He Zhe, Ryan Patrick, Hoxha Julia, Wang Shuang, Carini Simona, Sim Ida, Weng Chunhua
Department of Biomedical Informatics, Columbia University, New York, NY 10032, USA.
Department of Biomedical Informatics, Columbia University, New York, NY 10032, USA; Janssen Research and Development, Titusville, NJ 08560, USA; Observational Health Data Sciences and Informatics, New York, NY 10032, USA.
J Biomed Inform. 2016 Apr;60:66-76. doi: 10.1016/j.jbi.2016.01.007. Epub 2016 Jan 25.
To develop a multivariate method for quantifying the population representativeness across related clinical studies and a computational method for identifying and characterizing underrepresented subgroups in clinical studies.

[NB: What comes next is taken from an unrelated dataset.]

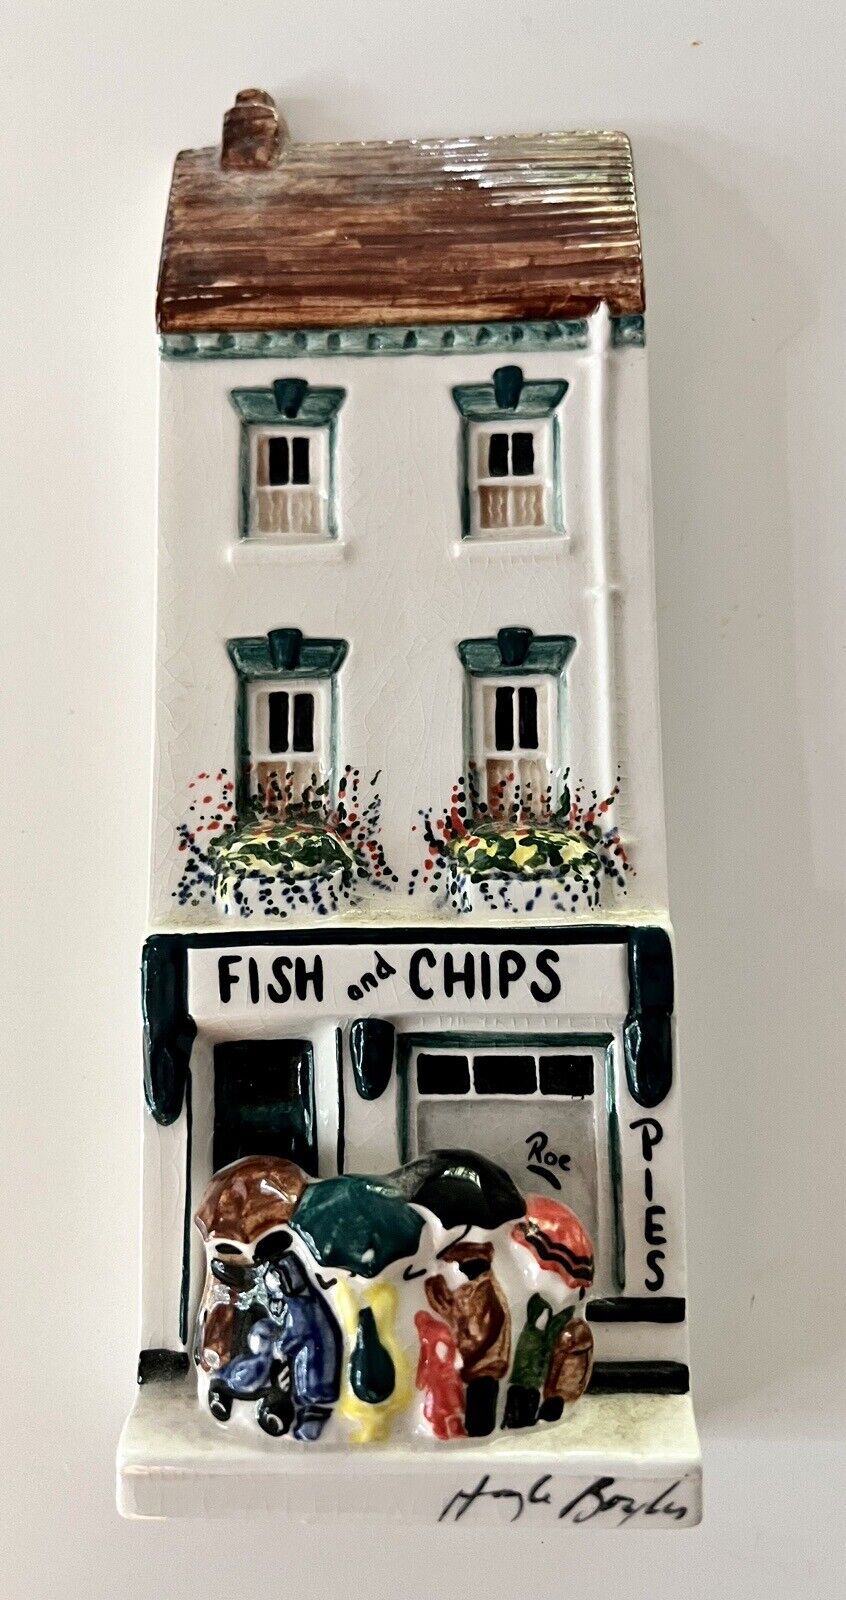 Hazle Ceramics - A Nation Of Shop Keepers - Fish And Chips - Pies  3” X 8.5”

We extended a published metric named Generalizability Index for Study Traits (GIST) to include multiple study traits for quantifying the population representativeness of a set of related studies by assuming the independence and equal importance among all study traits. On this basis, we compared the effectiveness of GIST and multivariate GIST (mGIST) qualitatively. We further developed an algorithm called "Multivariate Underrepresented Subgroup Identification" (MAGIC) for constructing optimal combinations of distinct value intervals of multiple traits to define underrepresented subgroups in a set of related studies. Using Type 2 diabetes mellitus (T2DM) as an example, we identified and extracted frequently used quantitative eligibility criteria variables in a set of clinical studies. We profiled the T2DM target population using the National Health and Nutrition Examination Survey (NHANES) data.
According to the mGIST scores for four example variables, i.e., age, HbA1c, BMI, and gender, the included observational T2DM studies had superior population representativeness than the interventional T2DM studies. For the interventional T2DM studies, Phase I trials had better population representativeness than Phase III trials. People at least 65years old with HbA1c value between 5.7% and 7.2% were particularly underrepresented in the included T2DM trials. These results confirmed well-known knowledge and demonstrated the effectiveness of our methods in population representativeness assessment.
mGIST is effective at quantifying population representativeness of related clinical studies using multiple numeric study traits. MAGIC identifies underrepresented subgroups in clinical studies. Both data-driven methods can be used to improve the transparency of design bias in participation selection at the research community level.
开发一种多变量方法以量化相关临床研究中的总体代表性,并开发一种计算方法以识别和描述临床研究中代表性不足的亚组。
我们扩展了一种已发表的名为“研究特征可推广性指数”(GIST)的指标,通过假设所有研究特征之间相互独立且重要性相等,纳入多个研究特征以量化一组相关研究的总体代表性。在此基础上,我们定性地比较了GIST和多变量GIST(mGIST)的有效性。我们进一步开发了一种名为“多变量代表性不足亚组识别”(MAGIC)的算法,用于构建多个特征不同值区间的最优组合,以定义一组相关研究中代表性不足的亚组。以2型糖尿病(T2DM)为例,我们在一组临床研究中识别并提取了常用的定量纳入标准变量。我们使用美国国家健康与营养检查调查(NHANES)数据对T2DM目标人群进行了描述。
根据年龄、糖化血红蛋白(HbA1c)、体重指数(BMI)和性别这四个示例变量的mGIST评分,纳入的观察性T2DM研究的总体代表性优于干预性T2DM研究。对于干预性T2DM研究,I期试验的总体代表性优于III期试验。在纳入的T2DM试验中,年龄至少65岁且HbA1c值在5.7%至7.2%之间的人群代表性尤其不足。这些结果证实了已知知识,并证明了我们的方法在总体代表性评估中的有效性。
mGIST能够有效地使用多个数值研究特征来量化相关临床研究的总体代表性。MAGIC可识别临床研究中代表性不足的亚组。这两种数据驱动的方法均可用于提高研究社区层面参与选择中设计偏倚的透明度。